Noble Energy collected water consumption values using the patented WellView program (Peloton Computer Enterprises Ltd., Houston). WellView is part of the Peloton suite of software used for collecting and organizing oil field data. Drilling and hydraulic fracturing reports are added to WellView by a Noble Energy employee that is on site at each drilling and hydraulic fracturing site.
The water consumption totals are verified by Noble Energy's accounting department, and any conflict of values between the field operations and the accounting department is reconciled using the WellView program. All of the water consumption data were accessed in November 2011.
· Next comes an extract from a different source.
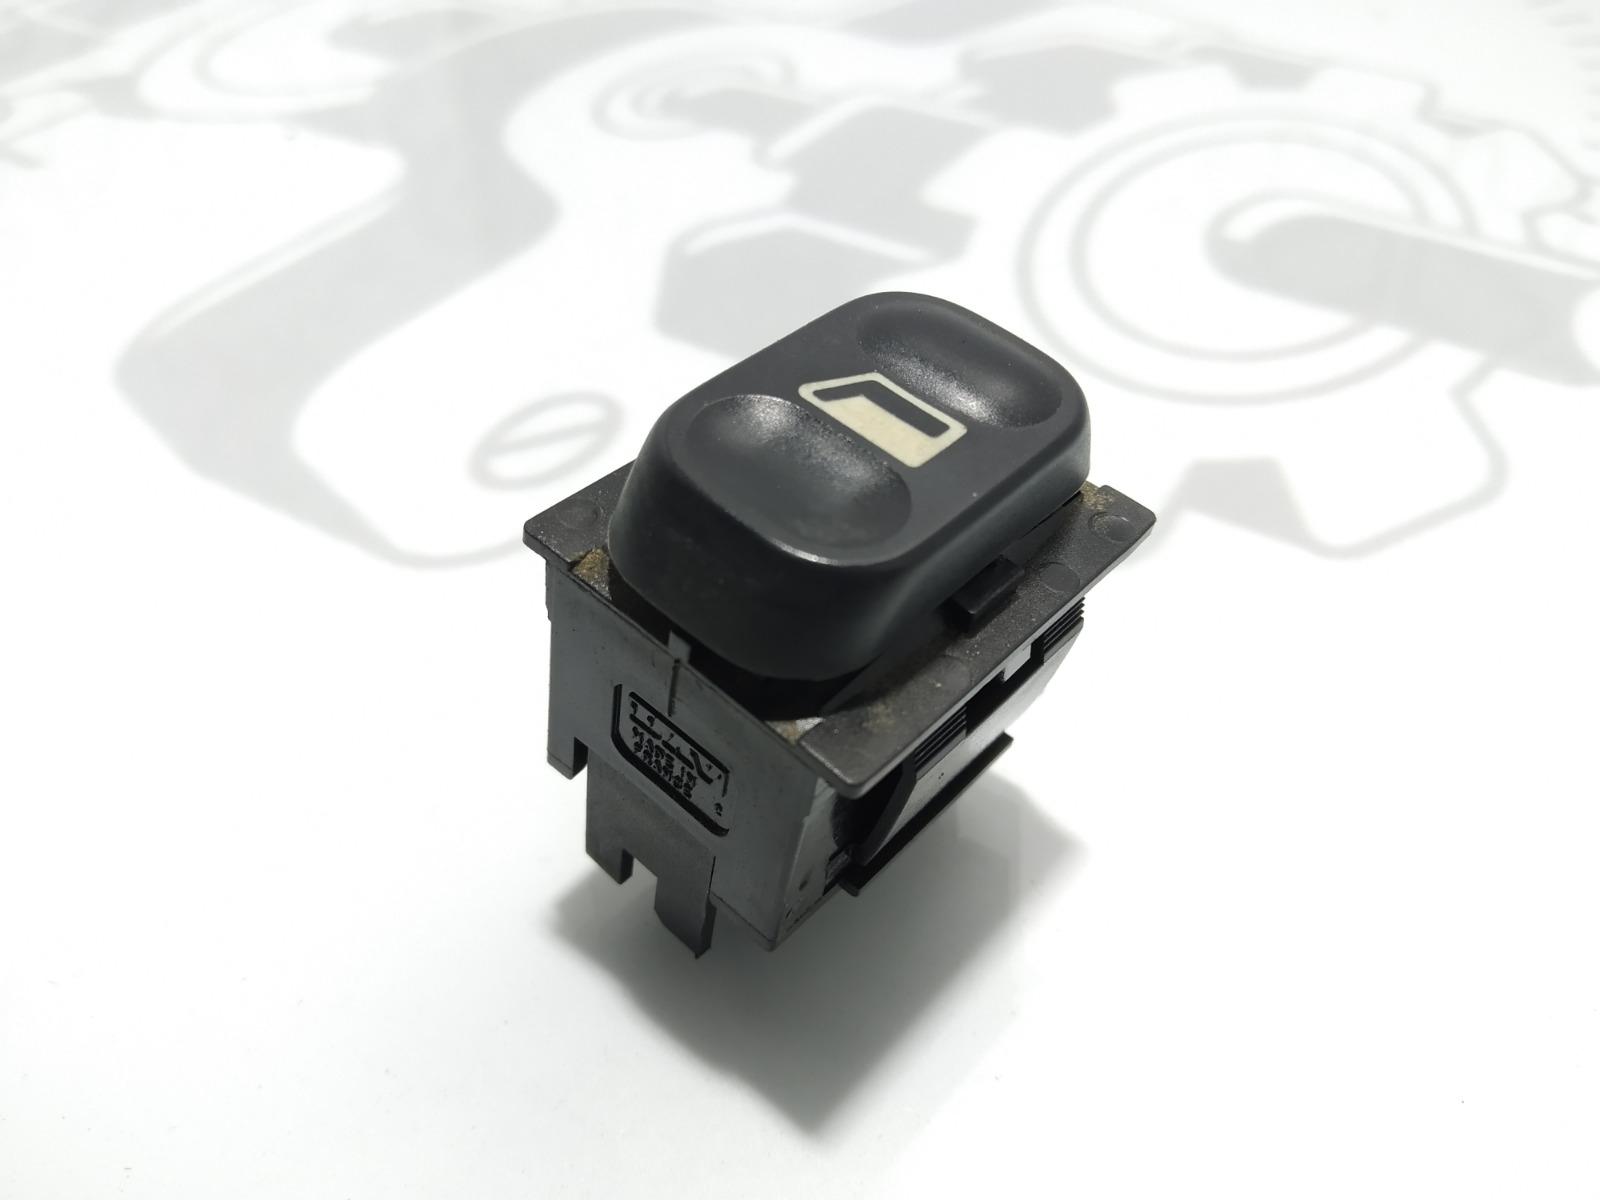 Кнопка стеклоподъемника Fiat Ulysse 2.0 HDI 2000 (б/у)

Wells were classified as either horizontally or vertically drilled. Directional and deviated wells are classified as vertical wells. Less horizontal well data were acquired because the technology has only recently been adapted to Wattenberg field. The final water consumption data set includes water consumed and energy recovered from 386 vertical wells and 59 horizontal wells and categorized as either drilling water or completion water.
Material balance
Water intensity is defined as the ratio of water consumed and energy recovered and is used to measure how efficiently a water resource is used.
For this study, a materials and energy balance approach was used to determine the net water consumed and net energy recovered for each well. A schematic shows the water and energy flows and the boundary used to define the water intensity (Fig. 2).
The water intensity discussed in this article incorporates only the water consumed and energy produced. The amount of water and energy consumed in drilling and hydraulic fracturing that is offset by flowback and produced waters that are treated and recycled into the production stream warrant additional research as these technologies are developed and applied.
It is assumed that the energy used in drilling and hydraulic fracturing is negligible compared with the amount of energy recovered, and none of the flowback or produced water is reused. General equations for the water intensity can be developed for the water intensity (see box with Equations 1 and 2).
Results
Water consumption
On average, each vertical and horizontal well used an average of 380,000 and 2,800,000 gal of water, respectively.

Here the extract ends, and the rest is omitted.